> _Task description_
Below are some records; quote exactly the lines from the one that contains "Anhänger Beleuchtung über" through the one that contains "Den James Dean", inclusive, and no others.

> _Available data_
━━━━━━━━━━━━━━━━━━━━━━━━━━━━━━

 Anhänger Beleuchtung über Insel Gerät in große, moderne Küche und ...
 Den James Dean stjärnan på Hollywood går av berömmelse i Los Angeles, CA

━━━━━━━━━━━━━━━━━━━━━━━━━━━━━━

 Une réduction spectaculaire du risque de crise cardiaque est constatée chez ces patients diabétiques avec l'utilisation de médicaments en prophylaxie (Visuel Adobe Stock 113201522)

━━━━━━━━━━━━━━━━━━━━━━━━━━━━━━

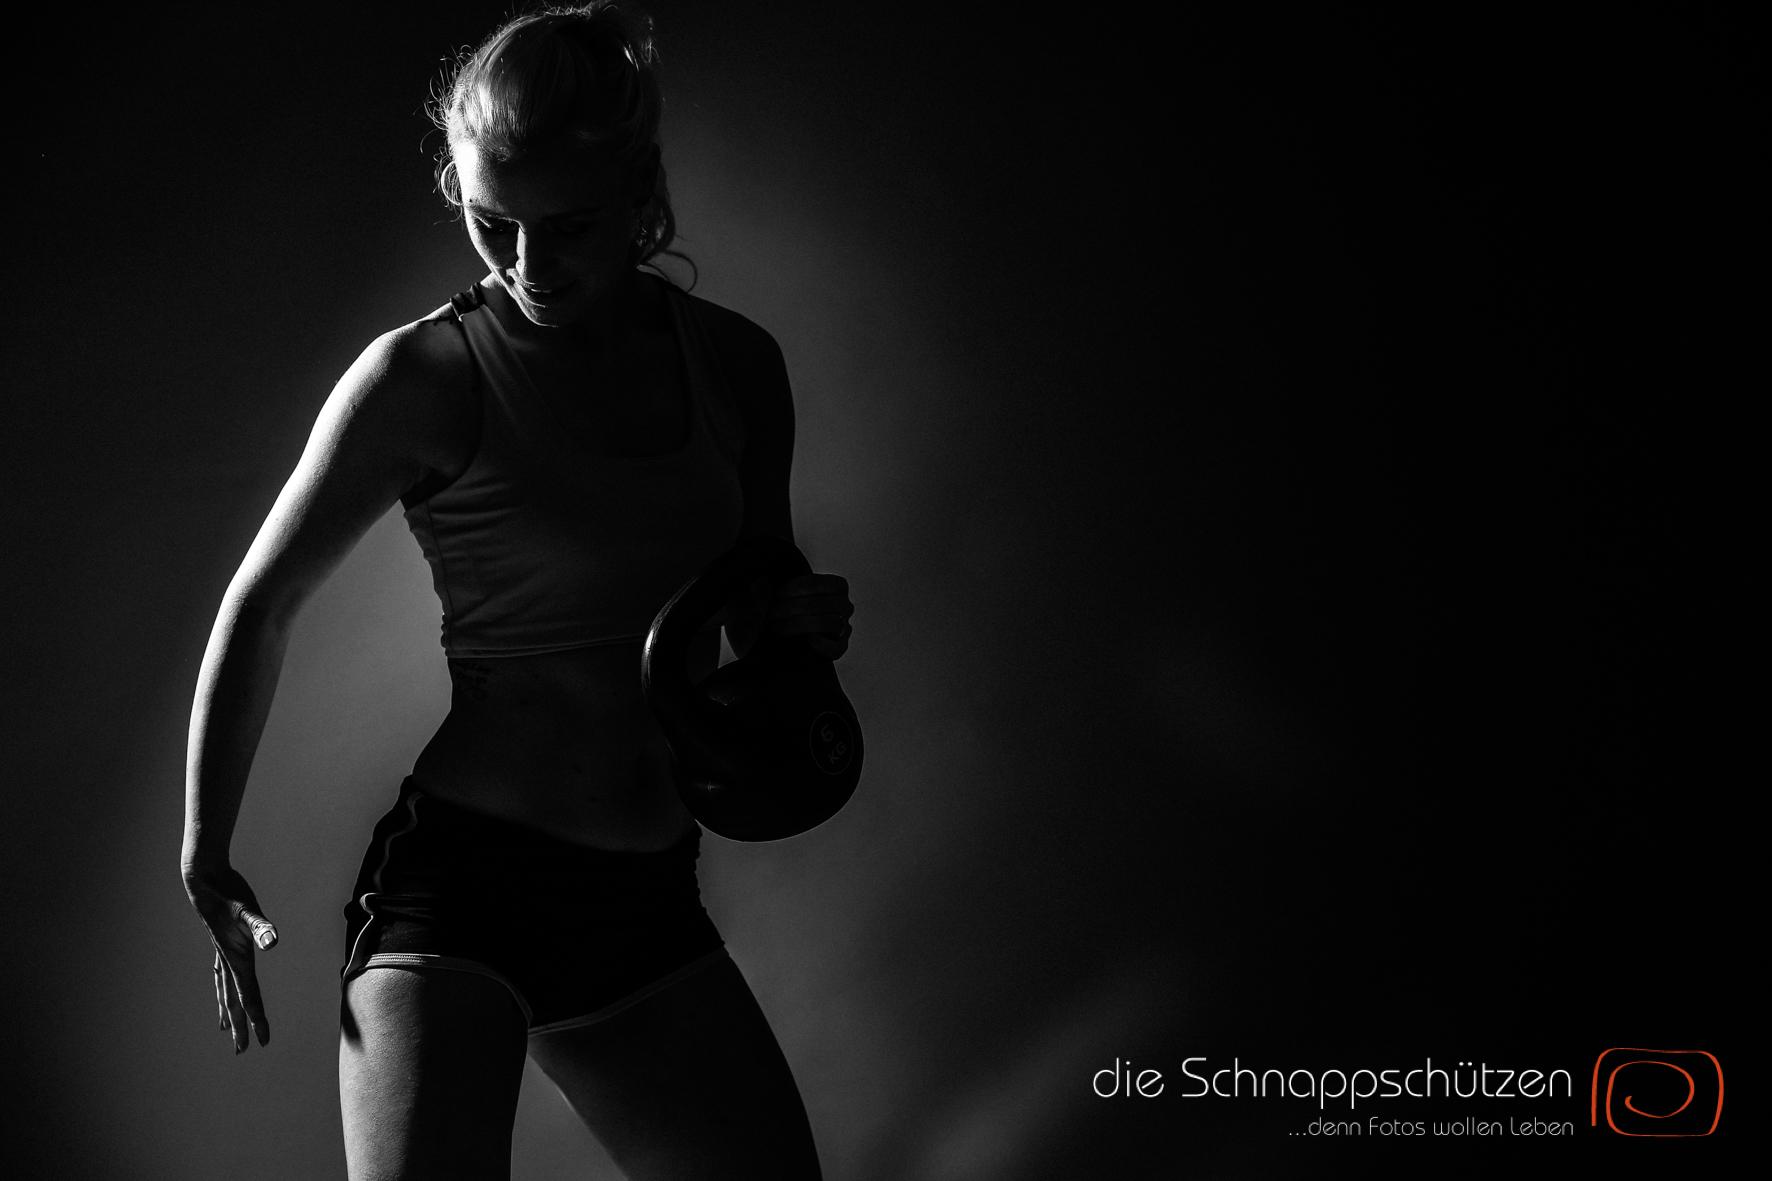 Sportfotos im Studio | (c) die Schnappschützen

━━━━━━━━━━━━━━━━━━━━━━━━━━━━━━

> _Response area_
 Anhänger Beleuchtung über Insel Gerät in große, moderne Küche und ...
 Den James Dean stjärnan på Hollywood går av berömmelse i Los Angeles, CA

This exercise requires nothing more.